„Impfzwang für alle? Nein“, Zertifikat nur mit Dauerimpfen? Nein“, „Massenüberwachung? Nein“ – so lauten drei Slogans der Initiative gegen im März getroffene Änderungen am Covid-19-Gesetz in der Schweiz. Die Kritiker befürchten dadurch eine indirekte Impfpflicht und immer mehr Macht für den Staat, die Bürger zu überwachen.

Am 28. November stimmen die Eidgenossen zum zweiten Mal über einen Teil des Gesetzes ab. Diesmal steht ein wesentlicher Teil auf dem Spiel: Wird die Gesetzesänderung abgelehnt, steht ein Großteil der Corona-Politik der Schweiz auf der Kippe. Ein Gutteil des Gesetzes stand schon im Juni zum ersten Mal zur Abstimmung – damals wurde es von 60 Prozent der Bevölkerung angenommen. Weil im März dieses Jahres zusätzliche Änderungen vorgenommen wurden, steht das Gesetz nun erneut auf dem Prüfstand.

Covid-Zertifikat steht auf der Kippe

In der Abstimmungsvorlage des Bundesrates ist die Kritik der Gegner wiederzufinden.
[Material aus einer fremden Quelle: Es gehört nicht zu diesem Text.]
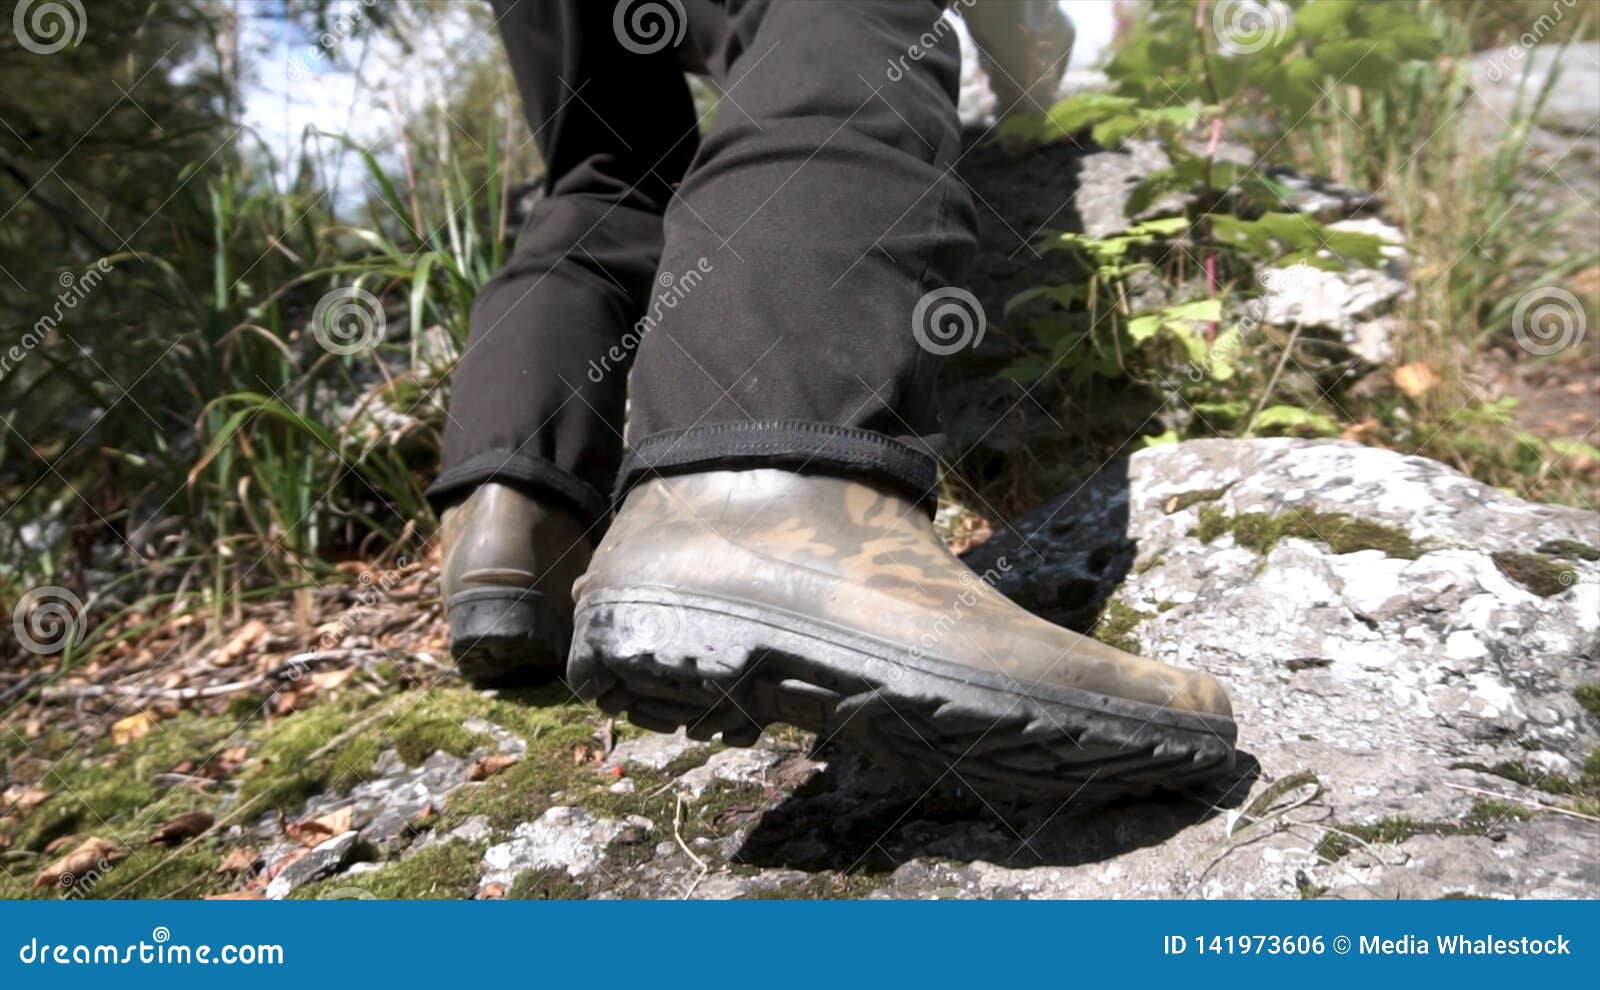 rubber boots hiking

Ein Dorn im Auge ist den Kritikern das Schweizer Corona-Zertifikat, was einem 3G-Nachweis entspricht. Einschränkungen gelten dabei nicht für Ungeimpfte, sondern nur für Bürger ohne Test-, Impf- oder Genesungsnachweis. Im September hat der Bundesrat die 3G-Regel eingeführt, Restaurant, Fitnessstudio oder Schwimmbad können nur noch mit Zertifikat betreten werden. Dabei gibt es bislang jedoch keine 2G-Regel wie in der Alarmstufe in Baden-Württemberg, in der Ungeimpfte vieles nicht mehr tun können.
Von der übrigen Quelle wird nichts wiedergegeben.